Published as a conference paper at ICLR 2022

More generally, the idea of improving a model from a small amount of data at inference time also places our work close to the meta-learning literature (Hospedales et al., 2021). There are various ways to perform meta-learning, such as recurrent neural networks (Ravi & Larochelle, 2017), hypernetworks (Qiao et al., 2018), or ﬁne-tuning a network initialized using second order gradient descent (Finn et al., 2017).

BFT is also closely related to the idea of performing additional improvement at decision-time, which has a rich history in reinforcement learning literature including many of the most widely acclaimed game-playing AI systems (Tesauro et al., 1995; Silver et al., 2018; Moravˇc ık et al., 2017; Brown & Sandholm, 2017; 2019). However, the literature that speciﬁcally uses ﬁne-tuning for decisiontime planning is much smaller. The ﬁrst works to do so with large non-linear networks (Anthony et al., 2019; Anthony, 2021) showed that a policy gradient ﬁne-tuning-based search can perform competitively with, or even outperform, MCTS in Hex. More recently, Fickinger et al. (2021) investigated the idea of ﬁne-tuning-based search using independent Q-learning in Hanabi and policy gradients in Ms. Pacman (Bellemare et al., 2012).

Our work also relates to literature that attempts to work with public belief states at scale in FOSGs. The Bayesian action decoder scales approximate public belief states to Hanabi using Hanabi-speciﬁc independence heuristics and an expectation propagation-like procedure (Foerster et al., 2019). While we also examine the performance of approximate belief states on Hanabi, our method differs in that it uses no independence heuristic, is focused on inference-time improvement, and is not tied speciﬁcally to Hanabi. Another paper investigating public belief states in large settings is that of ˇSustr et al. (2021), who propose a scalable method for approximating the value of a public belief state from samples. More precisely, they investigate a value function architecture that takes samples from public belief states as input, rather than a closed form public belief state. Our contribution is complementary to theirs, as our method aims to produce high quality public belief state samples.

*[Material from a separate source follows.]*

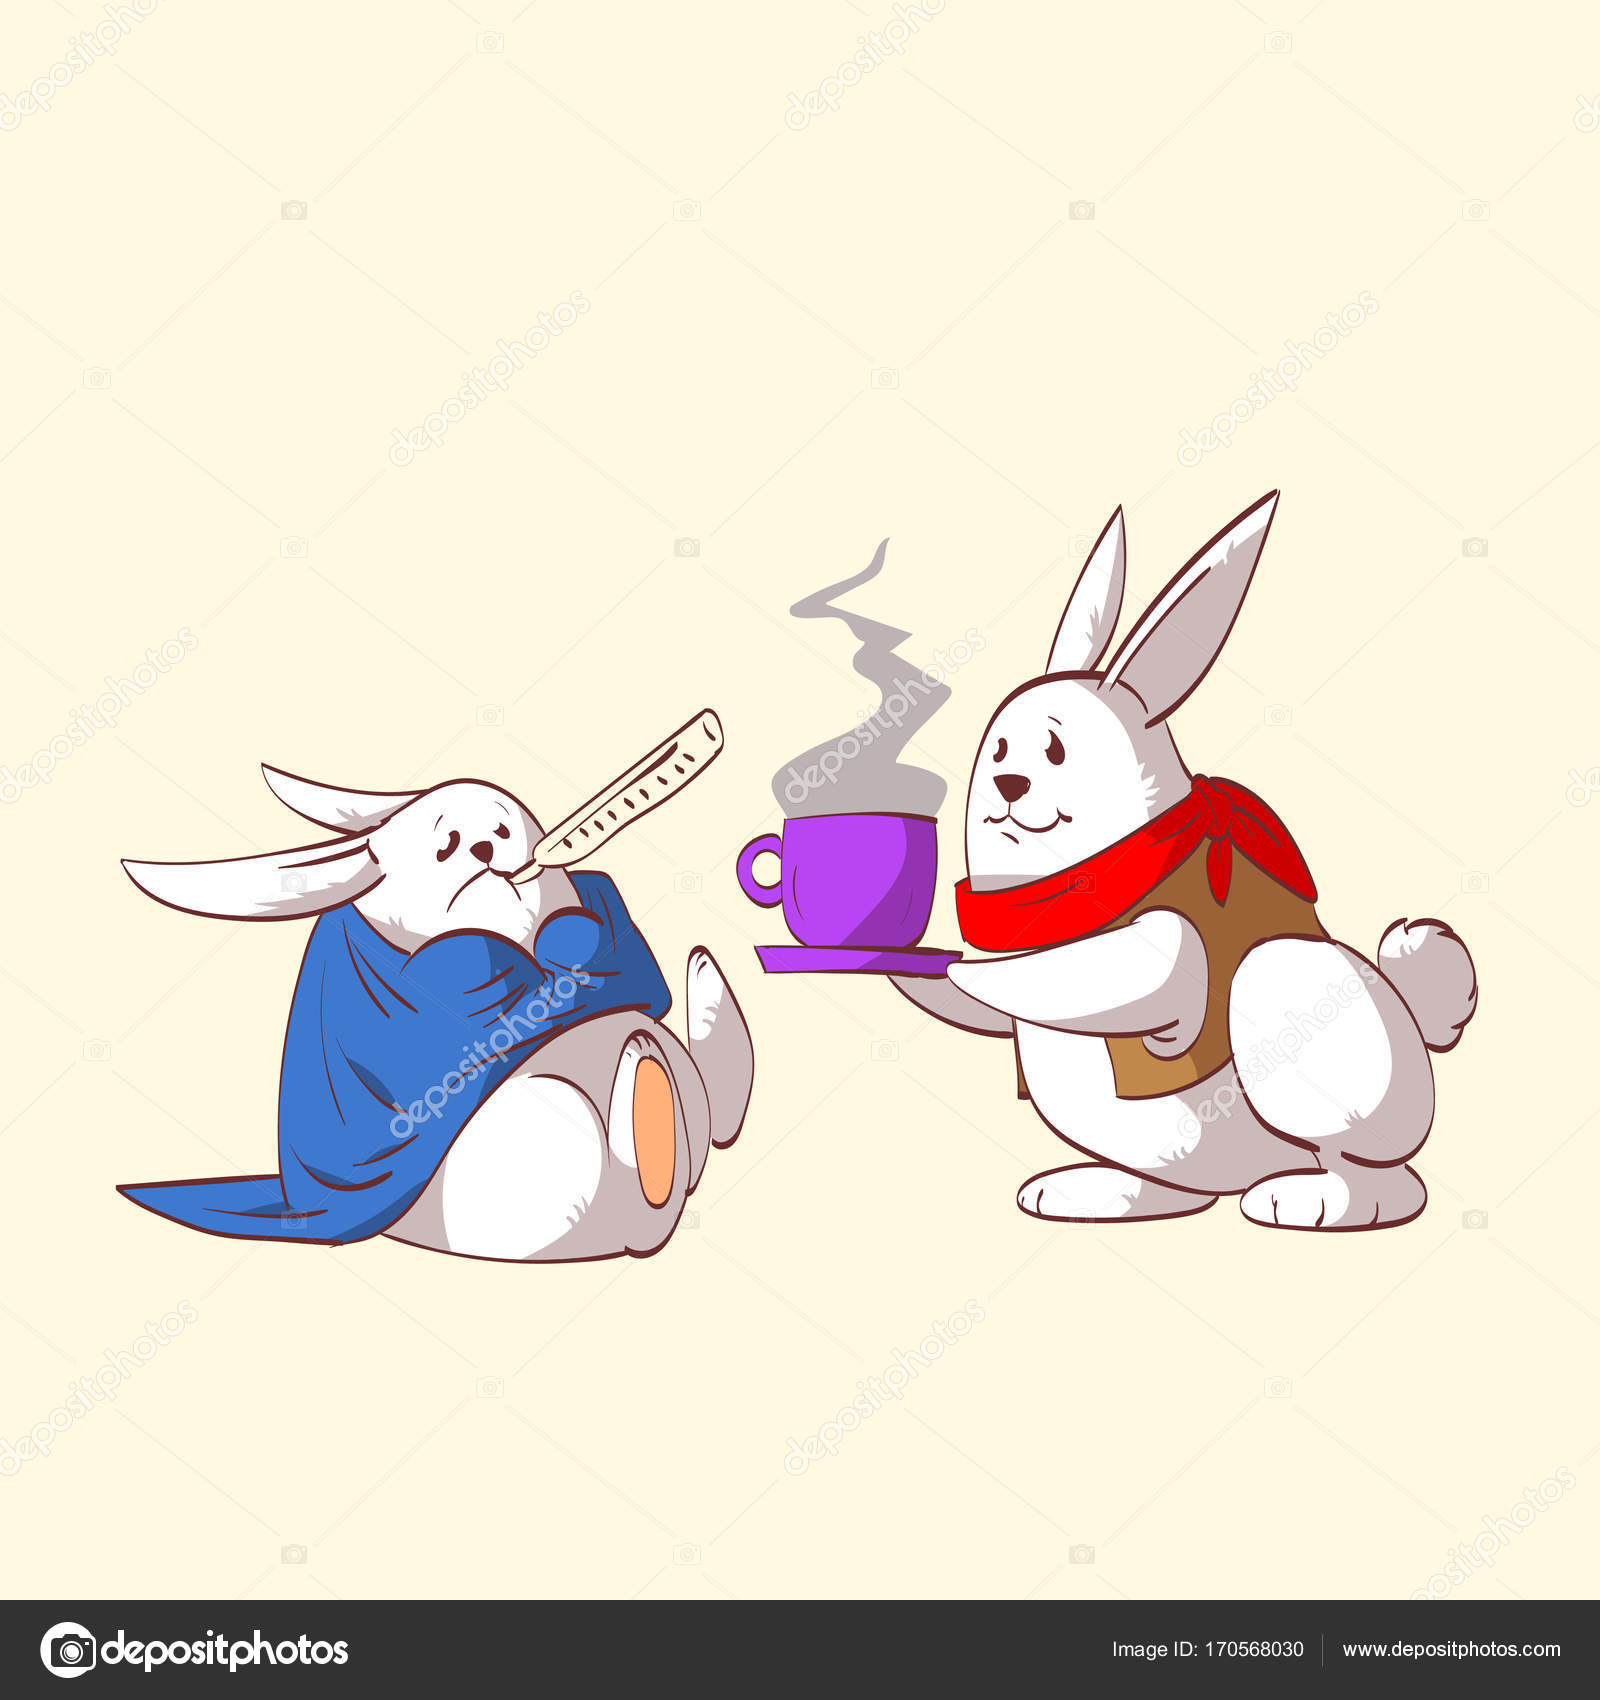 Un smiley pour ton humeur ! - Page 2 Depositphotos_170568030-stock-illustration-cartoon-sick-rabbit
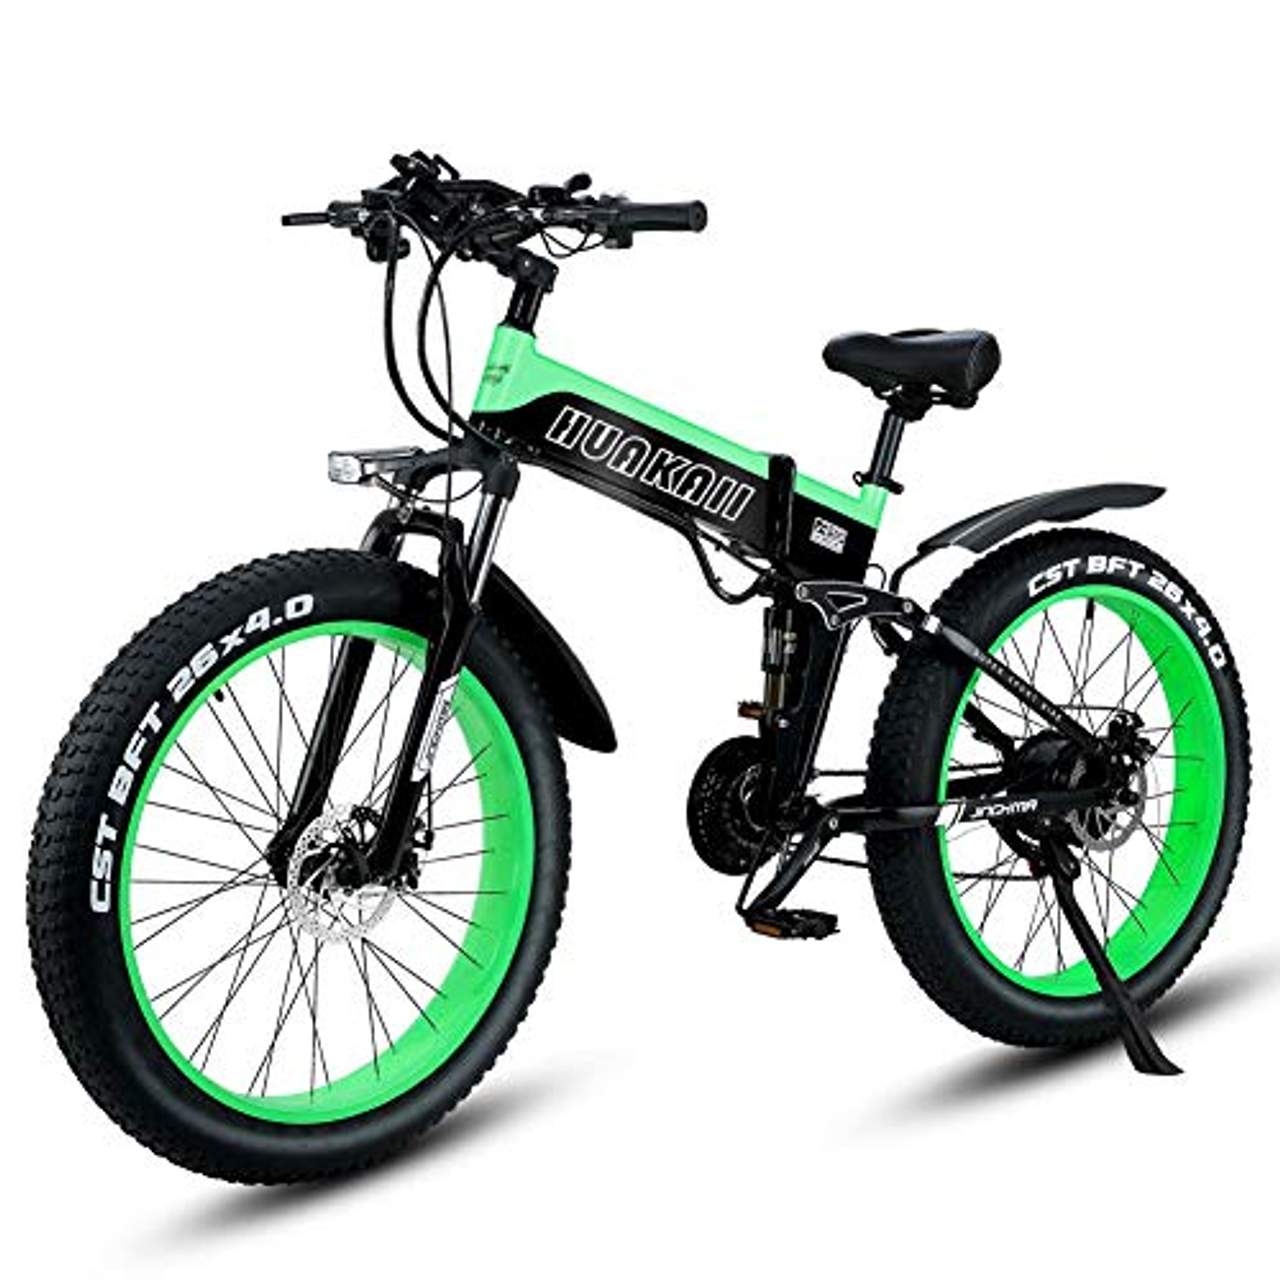 Unbekannt RICH BIT Elektrofahrräder aktualisiert RT860 36V 12.8A Lithium  Batterie Faltrad MTB Mountainbike E Bike

Finally, our work also relates to particle ﬁltering literature (Doucet & Johansen, 2009). Particle ﬁltering maintains works by maintaining a set of Markov states {xi}i (called particles) and corresponding weights {wi}i that collectively approximate the belief state. At each time step, similarly to BFT, the collection of particles is propagated forward in time using the dynamics model. The weights are updated based on the proportional posterior probability of each particle. One disadvantage of particle ﬁltering compared to BFT is that all of the particles may become infeasible; in other words, every particle may have probability zero given the sequence of emission and control variables. Moreover, whereas particle ﬁltering can only resample particles from its ﬁnitely supported empirical distribution, BFT can produce arbitrary resamples.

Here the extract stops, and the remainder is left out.